◆ Supplied data:

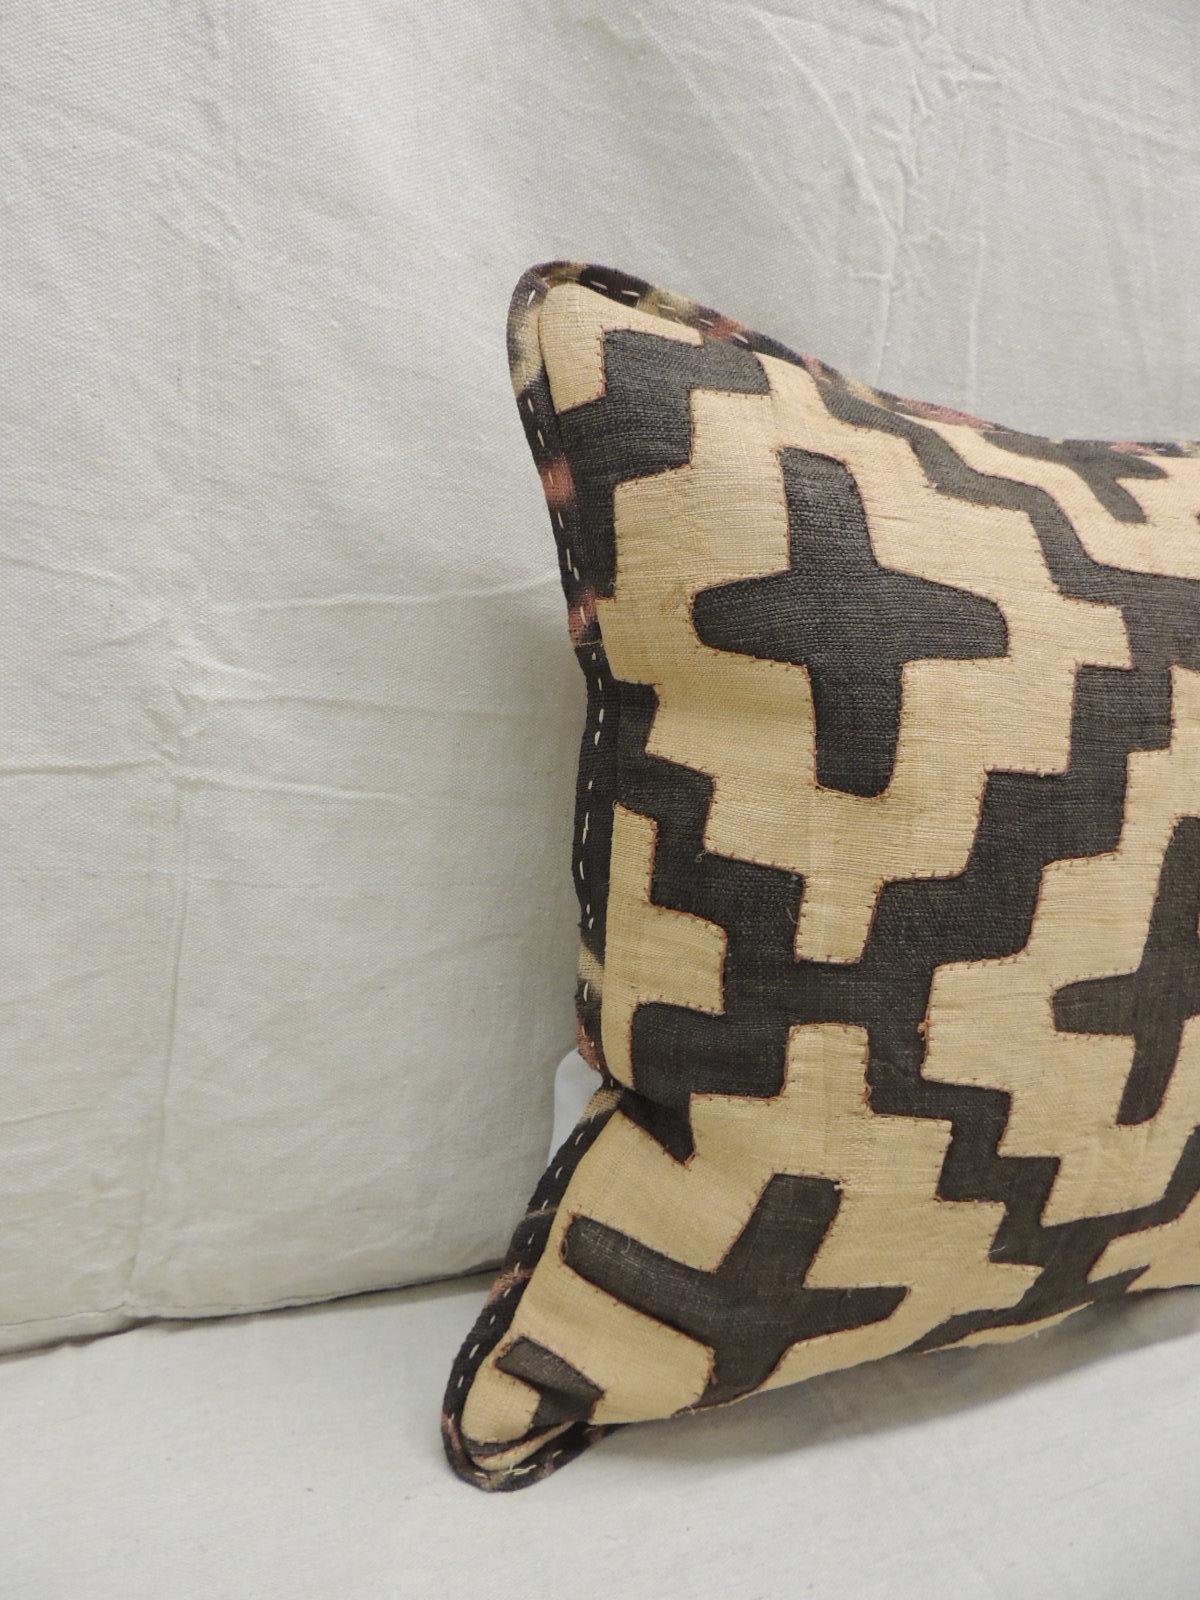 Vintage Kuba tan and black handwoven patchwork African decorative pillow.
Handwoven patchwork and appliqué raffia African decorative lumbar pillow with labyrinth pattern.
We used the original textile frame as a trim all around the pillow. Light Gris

◆ Problem: Give the data again exactly as written, with no pictures included.

◆ Result of this task:
 Vintage Kuba tan and black handwoven patchwork African decorative pillow.
Handwoven patchwork and appliqué raffia African decorative lumbar pillow with labyrinth pattern.
We used the original textile frame as a trim all around the pillow. Light Gris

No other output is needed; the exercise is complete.